Mary se aprieta la mano con la boca.
—Háblame de la exposición —le digo.
«Dieciocho cuadros. Dieciocho marcos vacíos en las paredes del taller de Aidan». Aunque no sé si son dieciocho. Nunca los he contado.
—El día después de la cena de celebración, después de volver a tener los pies en el suelo, empecé a hacer preguntas: ¿Cuándo iba a cobrar el dinero? Teniendo en cuenta que se habían vendido todos mis cuadros, ¿estaba vacía la galería? Aidan se burló de mi ignorancia y me dijo que la exposición seguiría abierta hasta el último día, según lo previsto. Él me había obligado a hinchar los precios para que me quedara una buena suma de dinero después de que la galería hubiera descontado su comisión. Bromeó sobre el hecho de que él también debería quedarse con una comisión, ya que era quien lo había organizado todo. Yo no dejaba de preguntarme por qué me había ayudado tanto. Me dedicaba más tiempo a mí y a mi exposición que a su obra. Si hubiese tratado de explicarme el porqué, habría acabado pensando que estaba entusiasmado con mi talento.

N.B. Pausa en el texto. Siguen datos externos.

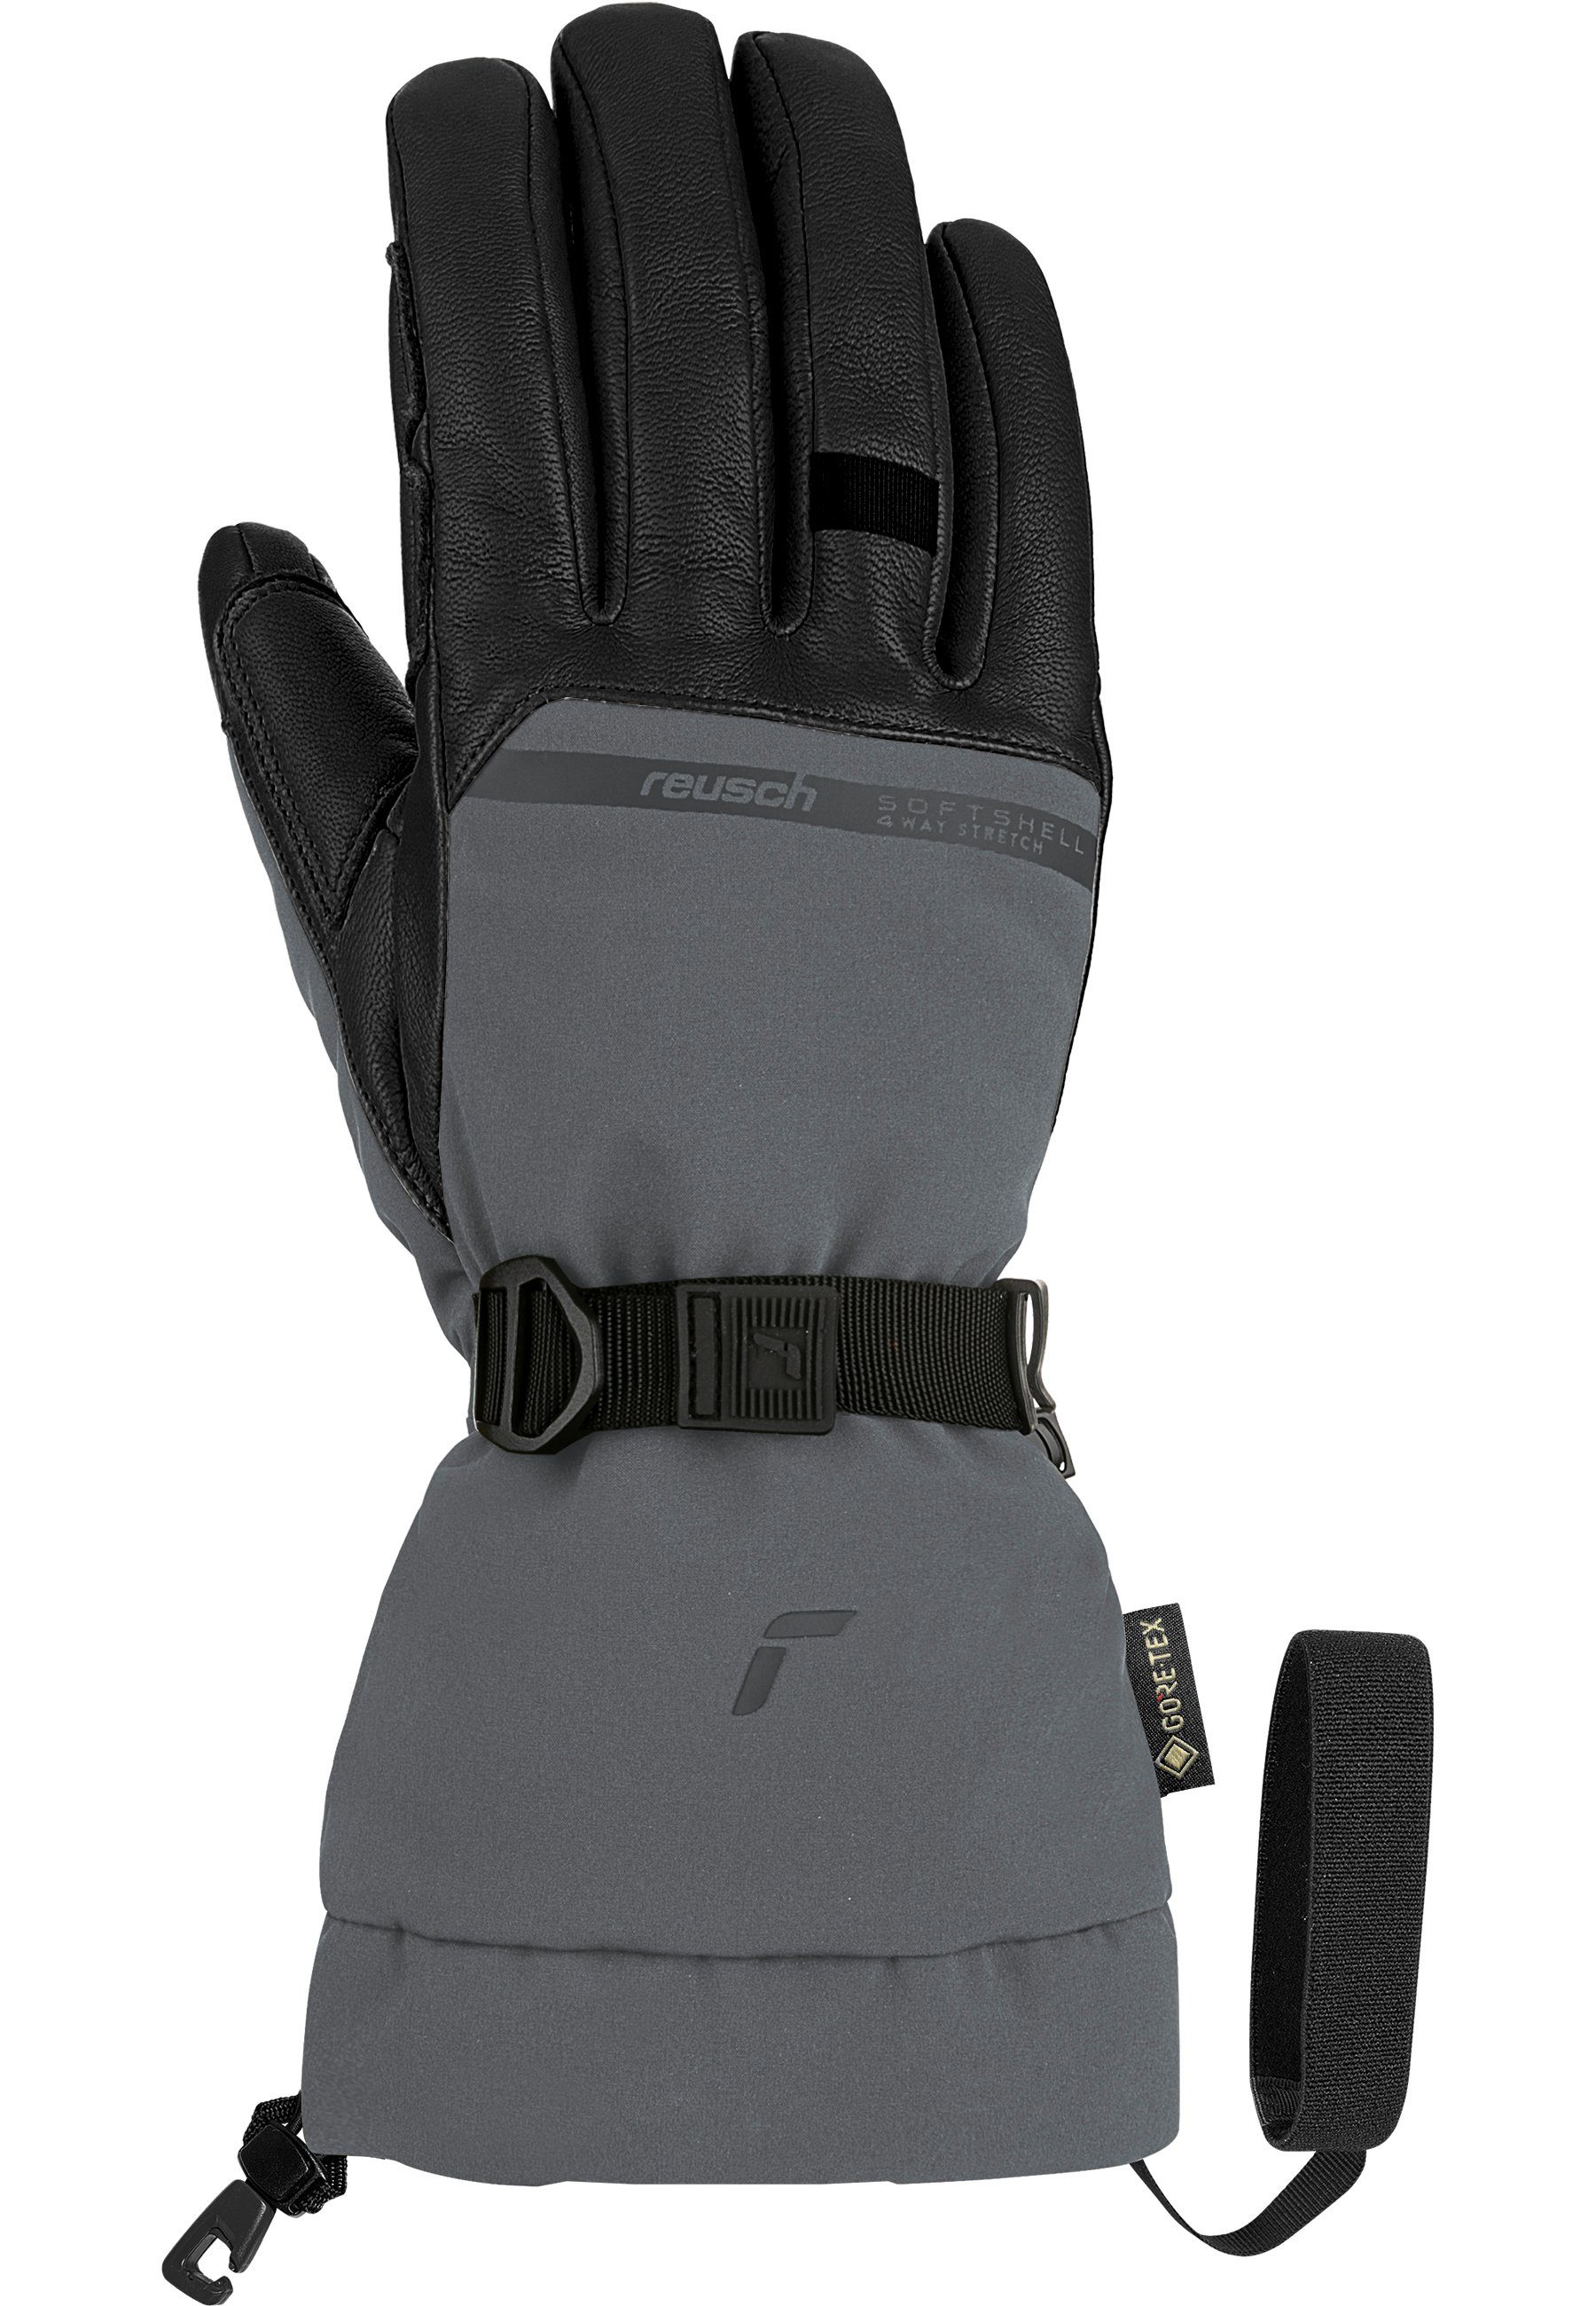 sehr TOUCH-TEC™ grau-schwarz Reusch Skihandschuhe GORE-TEX Discovery warm, wasserdicht

Percibo en su sarcasmo el odio que siente por sí misma.
—Yo sabía que era buena. Lo veía. Aidan era un artista, y para los artistas, el arte debería estar por encima de todas las cosas. Y yo creía que así era para él. Hasta que un día fui a Londres a visitar a una amiga y decidí desobedecer sus órdenes.
—¿Fuiste a la galería?
—No pude resistirme —dice Mary, volviéndose hacia mí—. Dime, ¿tú te habrías resistido? Pensé que no estaba haciendo nada malo, siempre que no entrara. Solo iba a mirar a través del escaparate para echar un vistazo y ver mis obras en ese decorado tan insólito y excitante…, una galería de verdad. Quería ver las etiquetas rojas de «vendido» pegadas en mis cuadros…
Mary se queda sin palabras. Un espeso y pesado silencio se apodera de la habitación, un silencio que me da miedo romper.
—¿Mary? ¿Qué fue lo que viste?
Al ver que no responde, vuelvo a preguntárselo.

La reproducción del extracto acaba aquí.